Region Rhein-Main – Weil Katharina als Junge geboren wurde, will kein Arbeitgeber die transsexuelle Offenbacherin einstellen. Dabei muss sie 16.000 Euro für ihre „körperliche Anpassung“ sparen. Deswegen arbeitet sie jetzt als Prostituierte, um irgendwann den Körper einer echten Frau zu haben. Von Christian Reinartz

Früher hieß Katharina mal Lukas. Und Lukas interessierte sich schon immer für Computer.
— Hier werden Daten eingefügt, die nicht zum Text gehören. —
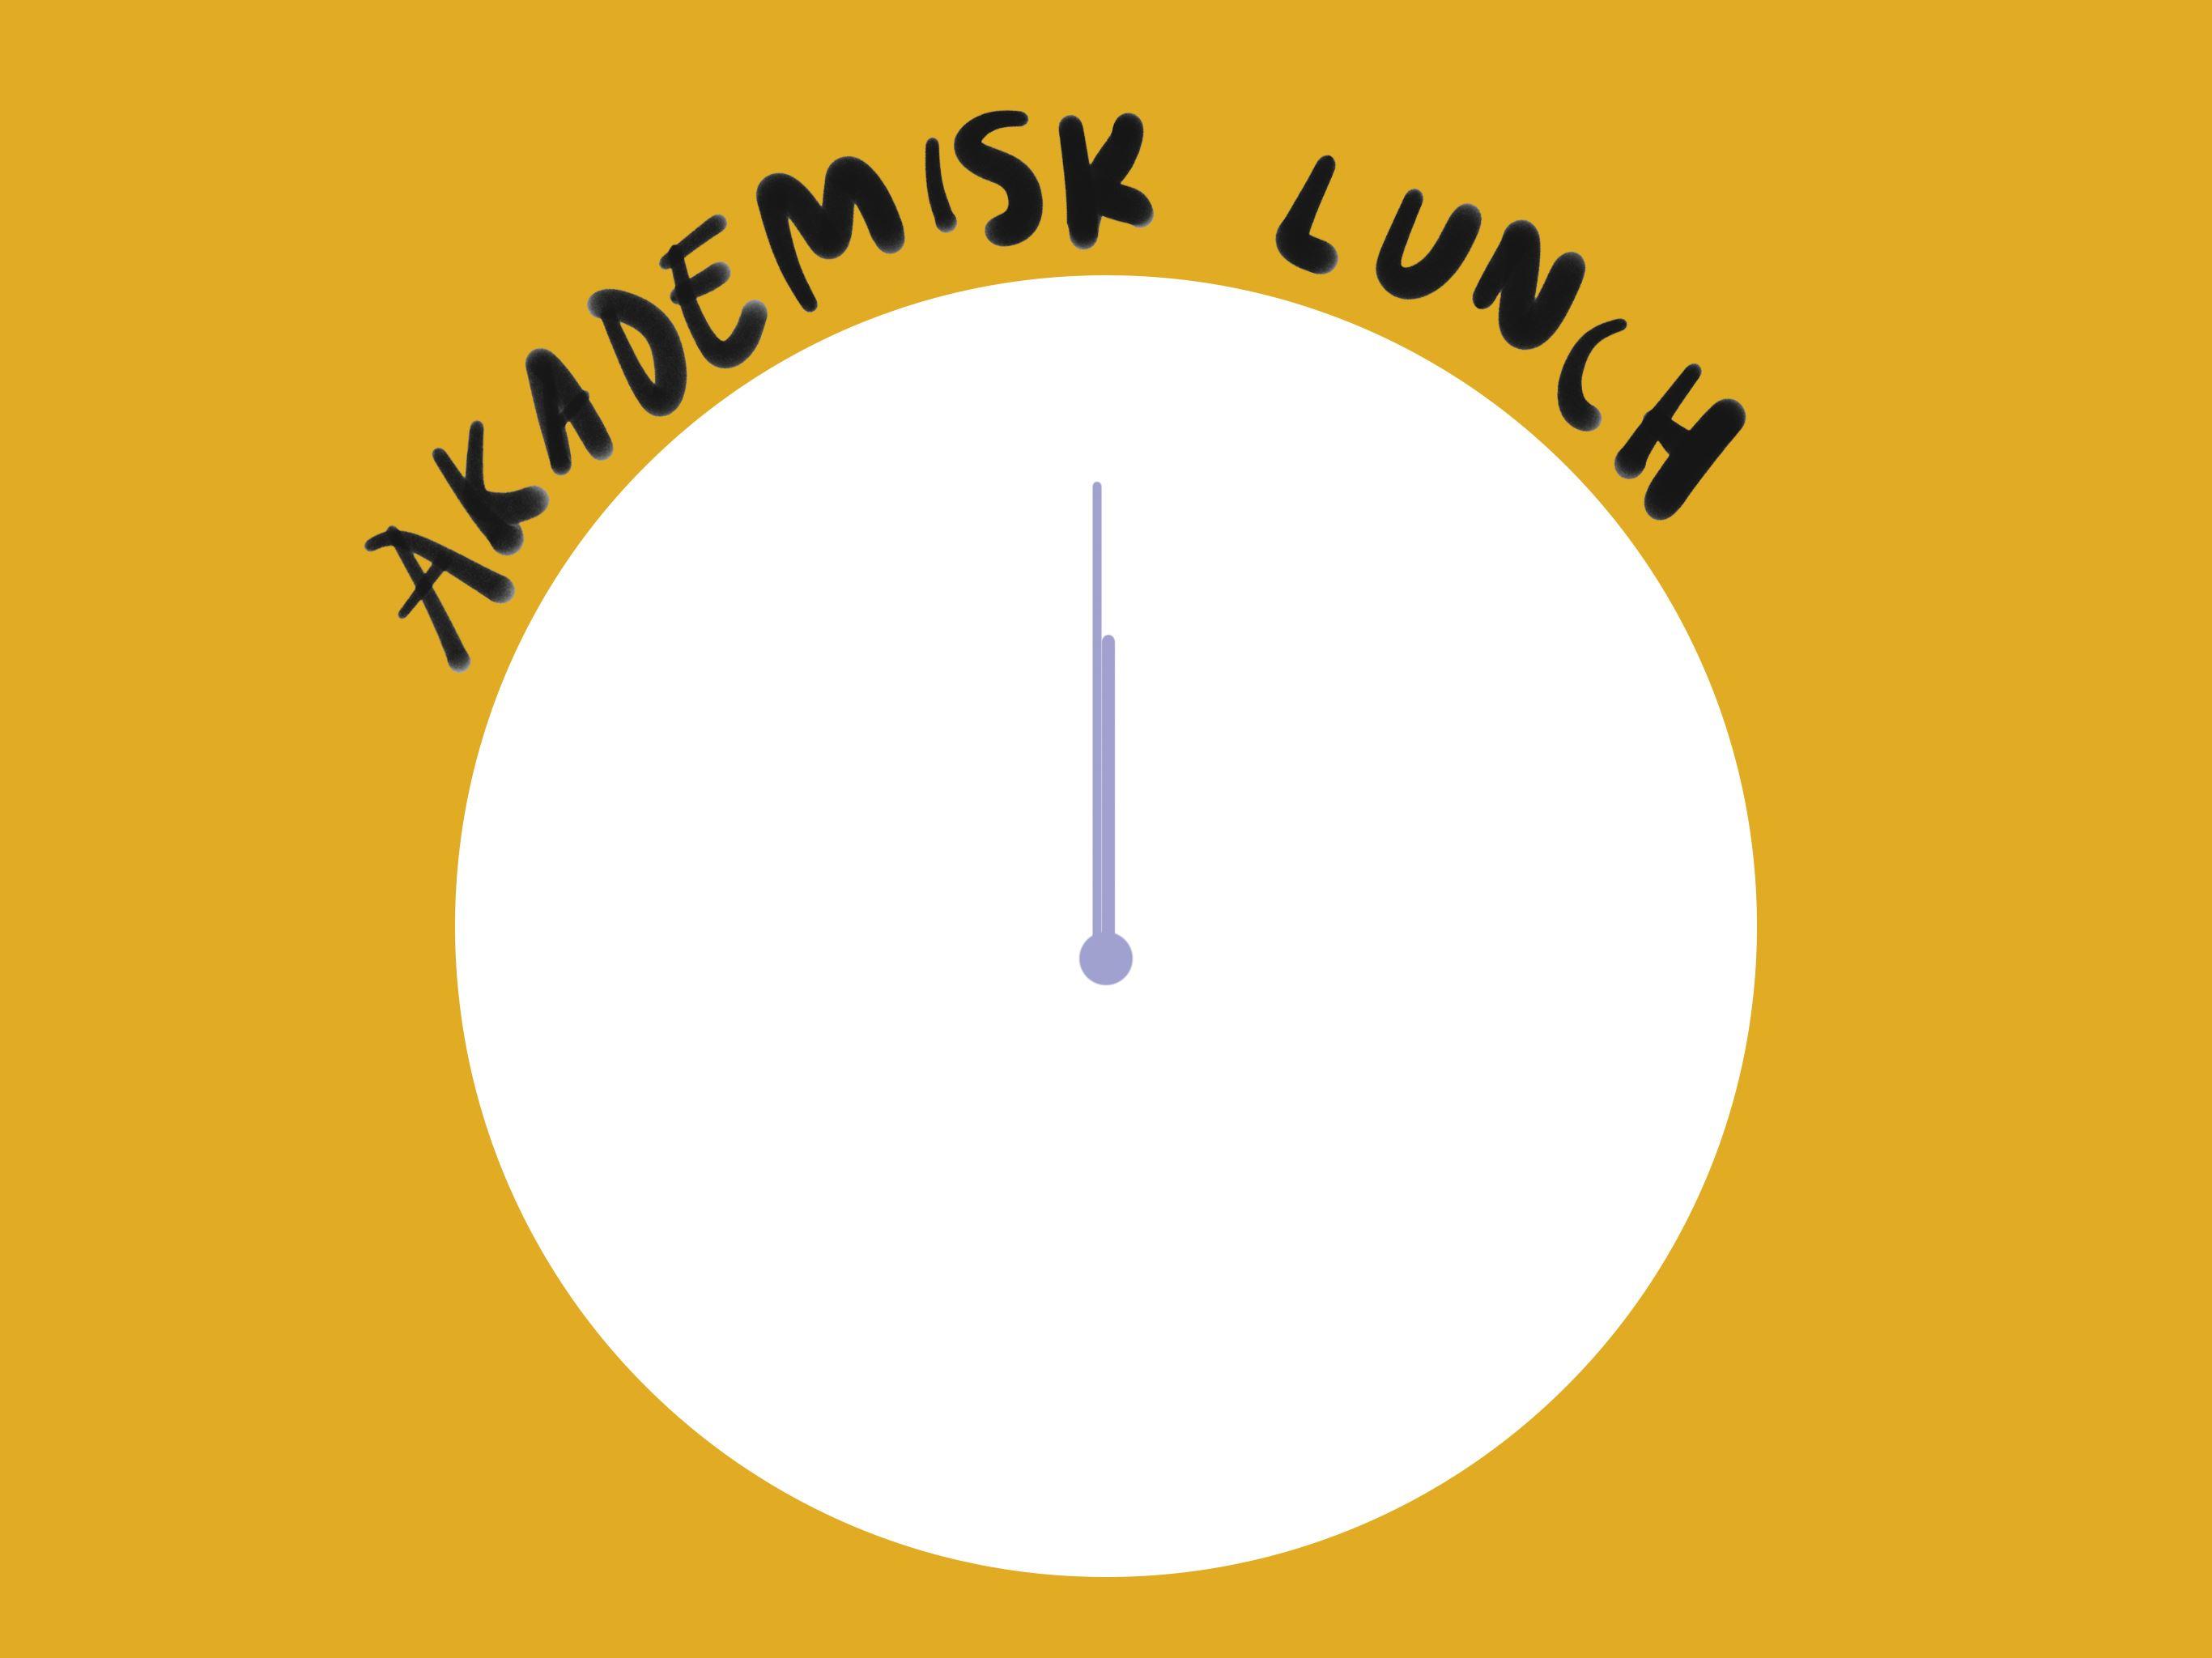 Akademisk lunch - Ska vi ha klimatångest eller finns där hopp?

Aber schon in der Pubertät wird ihr klar: „Ich will lieber eine echte Frau sein.“

Was ist Transsexualität?Transsexualität eines Menschen bedeutet, dass er körperlich eindeutig dem männlichen oder weiblichen Geschlecht angehört, sich jedoch als Angehöriger des anderen Geschlechts empfindet und danach strebt, als solcher anerkannt zu werden, oder den eigenen Körper dem anderen Geschlecht durch hormonelle und operative Behandlung anzugleichen. Laut der „Internationalen Klassifizierung von Krankheiten“ der Weltgesundheitsorganisation, ist Transsexualität eine Form der Geschlechtsidentitätsstörung (Quelle: Wikipedia).

Trotzdem macht sie ihr Abitur, eine Lehre zur Fachinformatikerin, besteht alles mit Auszeichnung. Mittlerweile hat sie Hormone gespritzt bekommen, die Brüste wachsen langsam und ihre Körper nimmt zarte, weibliche Formen an. „Ich habe mich so wohl gefühlt, langsam eine Frau zu werden“, sagt Katharina. „Aber kein Arbeitgeber wollte mir so mehr einen Job geben.“

Dank ihrer guten Noten hat Katharina es zwar in zahlreiche Bewerbungsgespräche geschafft. „Das Aussehen war dabei nie das Problem“, sagt Katharina. Vielmehr hätten die Firmenchefs ein Problem damit gehabt, dass sie auf dem Papier noch ein Mann ist. „Wie sieht denn das beim Kunden aus?“, hat sie mehr als einmal zu hören bekommen. Katharina versteift sich nicht nur auf ihren Informatikerberuf, bewirbt sich auch für andere Jobs. „Aber es war überall dasselbe.“

Dabei braucht Katharina dringend das Geld. Sie will endlich auch körperlich eine echte Frau werden. Die dazu nötigen Operationen sind vielfältig. Katharina möchte sich unbedingt in Thailand unters Messer legen. „Nur dort haben sie das nötig Wissen und die Erfahrung“, sagt Katharina. „Die machen das seit 50 Jahren.“ Knackpunkt dabei ist die Operationstechnik. Während in Deutschland nur der Penis nach innen gestülpt wird, wird in Thailand eine nahezu echtes weibliches Geschlechtsteil geformt. Dazu kommen dann noch eine Brustvergrößerung und eine Operation, um die Gesichtszüge noch weiblicher zu gestalten. 16.000 Euro braucht Katharina dafür. 16.000, die sie ohne Job nie zusammensparen kann. „Und wenn ich Hartz IV bekommen würde, müsste ich mein Erspartes sowieso wieder abgeben“, sagt Katharina.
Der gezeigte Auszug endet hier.